# Форум на русском языке  > Новости  > Новости интернет-пространства  >  На Mail.ru запущен новый спам-фильтр

## ALEX(XX)

29 мая 2008 года, 15:12 
Текст: Юрий Ильин 
"Лаборатория Касперского" и компания Mail.Ru объявили о завершении тестирования и вводе в эксплуатацию новой антиспам-системы. Внедрение новой технологии, по утверждению разработчиков, уже позволило в 5 раз сократить количество откликов пользователей почтовой службы на нежелательную корреспонденцию. 
В данный момент новая антиспам-система блокирует доставку на ящики пользователей около 20 млн спам-писем в сутки. Еще около 80 млн задерживается раньше, на этапе фильтрования открытых релеев и спамерских подсетей. 
Новое решение, как отмечается в пресс-релизе, разработано прежних технологий "Лаборатории Касперского", применявшихся для защиты пользователей Mail.Ru от спама в течение нескольких лет. Ядро системы включает сигнатурную базу антиспама, которая постоянно дополняется и изменяется в зависимости от текущей ситуации. 
Система в режиме онлайн проверяет не только весь поток входящей корреспонденции, но также и внутренний трафик (т.е. письма с Mail.Ru на Mail.Ru), и исходящие сообщения. Сомнительные рассылки выделяются "по нечётким признакам", а также с использованием базы сигнатур и откликов пользователей. 
Статистическая информация о них и о решениях системы отображается в администраторской консоли команды аналитиков Mail.Ru. Эти сведения позволяют аналитикам контролировать ход работы системы и оперативно вносить изменения, подстраиваясь под нежелательные рассылки. Время анализа и реакции на каждую новую рассылку составляет всего несколько минут. 
Также используются собранные Mail.Ru и публичные списки "ненадежных" отправителей - открытых релеев и спамерских подсетей.

uinc.ru

----------

Надоело быть жертвой? Стань профи по информационной безопасности, получай самую свежую информацию об угрозах и средствах защиты от ведущего российского аналитического центра Anti-Malware.ru:

----------


## NiiL

Не знаю что будет с новым спам-фильтром мейла, но старый работал сверх ужасно. Почта на Яндексе порой пропускает спам, но редко. А вот на gmail пока ни одного спам-письма не пропустила. Вот так.)

----------


## Arkadiy

> Не знаю что будет с новым спам-фильтром мейла, но старый работал сверх ужасно. Почта на Яндексе порой пропускает спам, но редко. А вот на gmail пока ни одного спам-письма не пропустила. Вот так.)

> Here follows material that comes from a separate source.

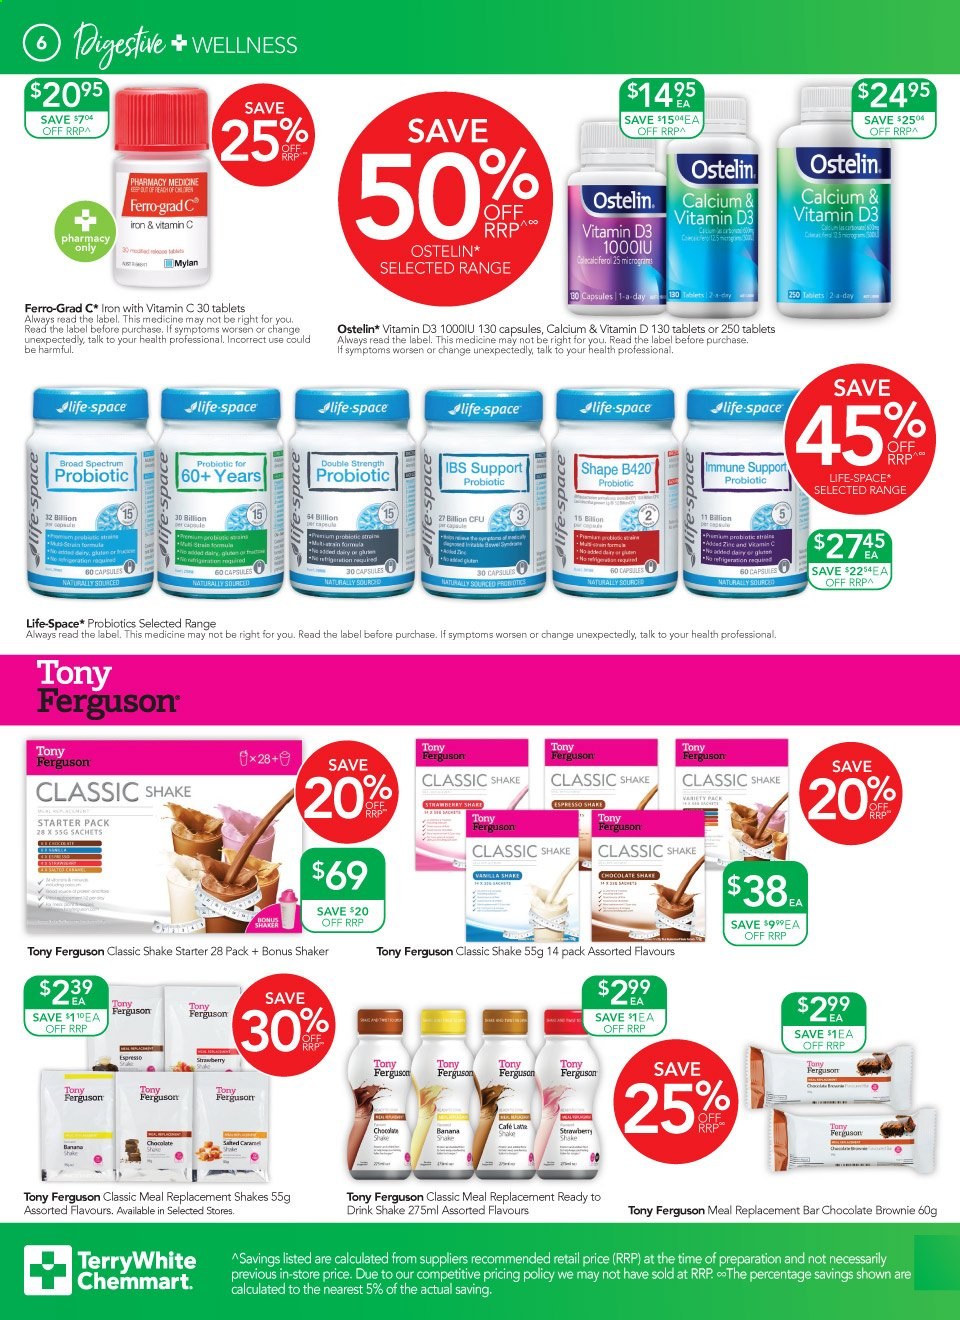 TerryWhite Chemmart catalogue  - 4.3.2021 - 23.3.2021. Page 6.

И яндекс спам порой пропускает в входящие и Gmail тоже пропускает иногда, но соглашусь, действительно редко.

----------


## NiiL

Нее..пока нового спам-фильтра вообще не ощущается. Как была помойкой так она ею и остается. Обидно за Касперского. Может ещё не ввели?)

----------


## Гриша

Ввели,не Касперский плохой,а спамеры бдят :Smiley:

----------


## калека

на мейл ру вообще спама больше чем норм писем! невозможно найти сообщения среди спам писем=( я пользуюсь украинским ресурсом...www.i.ua . 1гигибайт и никакого спама! более того можно перенести ящик на моб телефон(SMTP сервер (с авторизацией) )!!Уведомление через SMSи многое другое! мейл.ру-неактуально...

*Добавлено через 46 секунд*

кстати письма(спам) там проверяют касперским...

----------


## ananas

> Нее..пока нового спам-фильтра вообще не ощущается. Как была помойкой так она ею и остается. Обидно за Касперского. Может ещё не ввели?)


помойка превратилась в свалку. спама стало больше раза в два в обоих моих ящиках на мейлру. при чем, он не попадает в папки "сомнительные", он - во "входящих".

----------


## Гриша

Странно,а у меня вообще спаму нет,в чем же секрет успеха?  :Smiley:

----------


## ISO

Я обратил внимание, что ко мне на ящик mail.ru много спам-писем приходило, а в строке *КОМУ* этих писем числился совсем не мой электронный адрес. Поэтому в настройках ящика добавил фильтр с правилом 
*Если* пришедшее письмо в поле *Кому* не содержит *адрес моего ящика,без @mail.ru* то *Поместить* это  письмо в папку *Корзина*. Практически весь спам в корзине.
На yandex.ru так же есть ящик, на него спам сыпится караул, причём на мой адрес. Самое интересное, что ящиком этим вообще нигде не пользуюсь, только завёл его для яндекс денег. Где он засветился не понятно.

----------


## 1205

Есть два ящика на mail.ru. Спам идет на оба. Но в последнее время общее количество действительно немного уменьшилось. И еще я думаю, есть какая-то связь между спамом и mail агентом. На тот ящик, который часто используется для агента, приходит спама гораздо больше.
На яндексе спама достаточно много, но он весь автоматически попадает в папку "Спам" (наверное, на яндексе антиспам гораздо круче), во "Входящие" не попадает. Раньше на яндексе у меня почти не было спама. Но ящик этот у меня много где засвечен, регистрации почти везде на него, поэтому и спам.

----------


## XP user

> И еще я думаю, есть какая-то связь между спамом и mail агентом.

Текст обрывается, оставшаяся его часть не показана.